# Poling tips for a beginner



## FCanglr904 (Sep 26, 2021)

Alright guys i pulled the trigger on a moonlighter 20ft fiberglass pole for my Gheenoe LT10. i went out this past saturday and boy did i learn alot and was humbled very quickly to say the least lol. yall make it look so easy ! anyways im here for tips any and all are welcomed. 

So i began by setting up my cooler on the back deck of my boat strapped down and got the general idea after watching a few videos. needless to say i struggled but i had a great time. At first my motor was down and i was having a hard time turning for obvious reasons. i eventually lifted the motor out of the water tilted all the way up and had a lot more success after that. still had a hard time staying straight and the wind turning me around. it was about 2-3 knots when i started and about 2 hours later the wind picked up to about 10-15 and i gave up in those conditions i was just getting beat up and thrown into every grass line. Anything helps how do i do this in the wind? how much wind is considered to windy for poling? How do i stay straight? I have lots of questions and nobody i know poles so i can't just take a buddy out to show me lol. im in jacksonville FL so mud is a big factor. Thanks in advance guys!


----------



## flyclimber (May 22, 2016)

Gheenoes can be tough to pole, especially in the Jax mud. Keep your bow into the wind is a good start and make small adjustments to start. I would also fish with a buddy on the bow so you aren’t squatting in the boat, that’s nearly impossible to push. Start with small pushes like 1’ pushes and don’t walk your hands on the pole. Get a feel for where each pole position does to the boat and learn from there.


----------



## MMc (Sep 27, 2018)

If possible, try to plan your fishing path to move in the direction of the wind/tide so that it is more of a controlled drift rather than constantly fighting wind and current. Obviously not possible in all situations, but helps when you can.


----------



## 17376 (May 5, 2017)

Get out on a calm day and practice. Have patience. That gheenoe is a pain in a sense to pole. Also don't try and push super hard bc you will over steer. Get up towards Kingsley plantation where there is a lot more hard bottom and practice.


----------



## FCanglr904 (Sep 26, 2021)

MMc said:


> If possible, try to plan your fishing path to move in the direction of the wind/tide so that it is more of a controlled drift rather than constantly fighting wind and current. Obviously not possible in all situations, but helps when you can.





Northfl89 said:


> Get out on a calm day and practice. Have patience. That gheenoe is a pain in a sense to pole. Also don't try and push super hard bc you will over steer. Get up towards Kingsley plantation where there is a lot more hard bottom and practice.
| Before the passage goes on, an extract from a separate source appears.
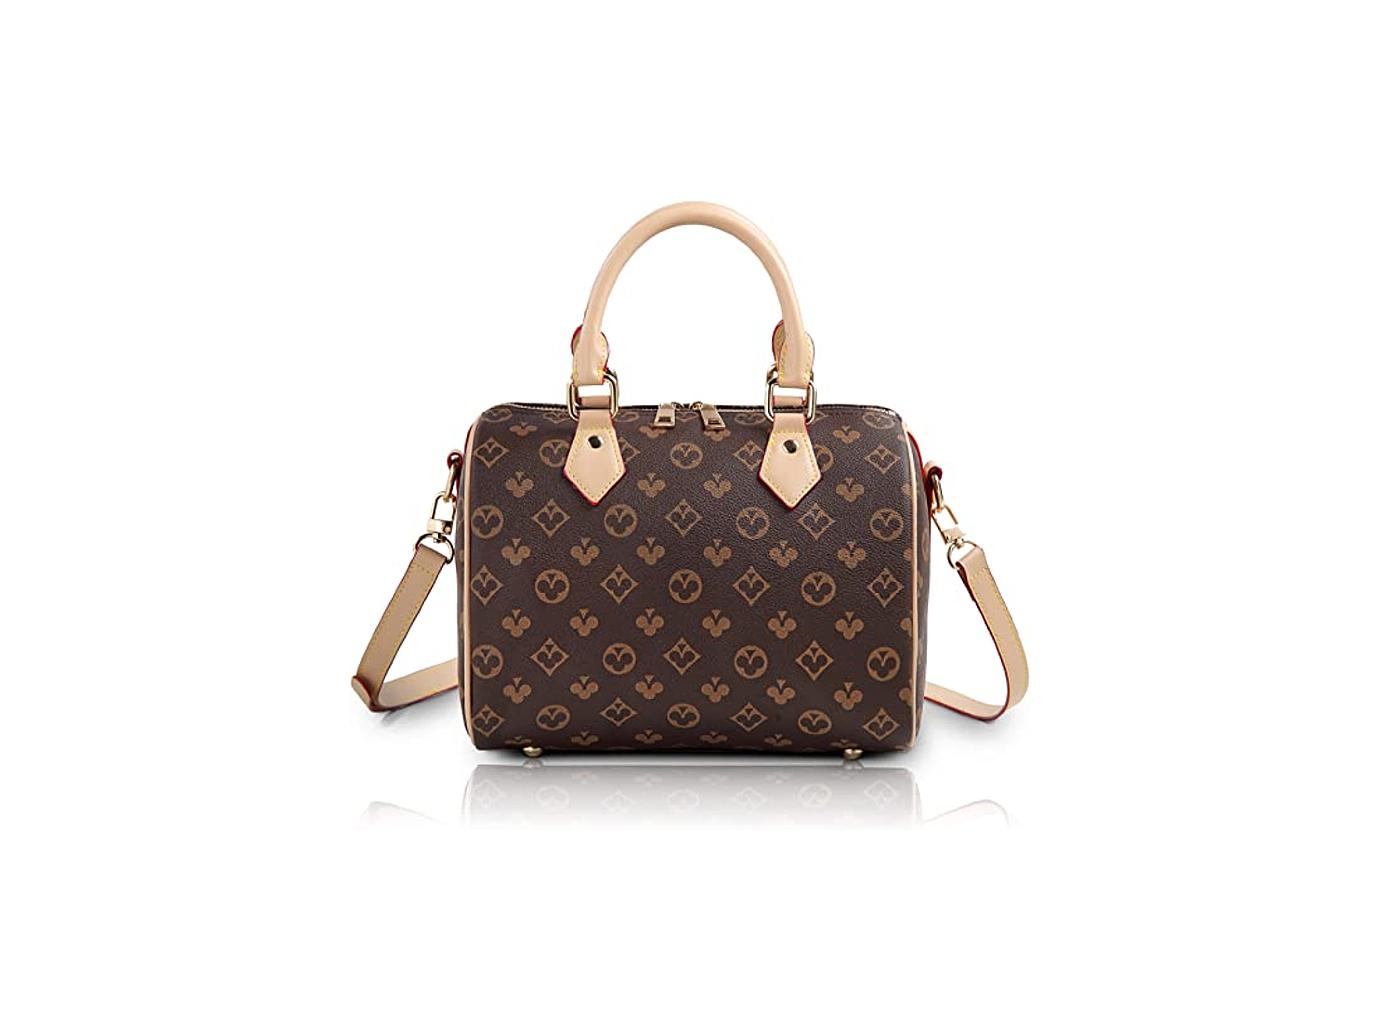 Khloe Kardashian recycles Kim's old Louis Vuitton bag and she's

yeah the biggest hurdles i had was wind, bad mud bottom in sisters creek and it being high tide so water was relatively deep in some spots but i just wanted to get my feet wet. im gonna try that tho!


----------



## ElLobo (Sep 14, 2020)

Imagine there is a hula hoop size circle behind the engine. Only put the pole down in that area when making adjustments. Also pick one side of your body to be the strong side and try to pole from that side 99% of the time.


----------



## 17376 (May 5, 2017)

Also have someone up front or a bunch of weight to balance the boat.


----------



## FCanglr904 (Sep 26, 2021)

Northfl89 said:


> Also have someone up front or a bunch of weight to balance the boat.


okay will do ! i had my wife upfront saturday blind casting we got 3 trout all over 20 inches so i was happy considering i couldn't put us in positions i wanted most of the time. i look forward to getting more time on the platform!


----------



## Action Johnson (Feb 4, 2016)

El Lobo nailed it. Most of the new folks that I put on the poling platform of my boat make huge corrections and inevitably lose control of their track. Small corrections and deviations are all that is needed. Really you can get all the tips you want on here however ultimately its going to be time on the water in different conditions to build up that muscle memory. It will be frustrating at first, just keep at it!


----------



## Feltonard (Nov 6, 2019)

Look at it this way, if you can pole a gheen, you can pole anything. I found on my old LT that the more weight in the bow the better, I had someone use a yeti 50 loaded with beer and ice as a casting platform. Helped the boat track a little better but at the end of the day the Gheenoe hull is just really tough to pole.


----------



## Sublime (Oct 9, 2015)

All good points. I would add that in mud, less is more. Only push down hard enough to make headway. Jerking the pole out in a quick motion to set it again can help depending on just how sticky it is. If you try to pull it out slowly It will probably slow any forward progress and in some cases set you on a path in the wrong direction. 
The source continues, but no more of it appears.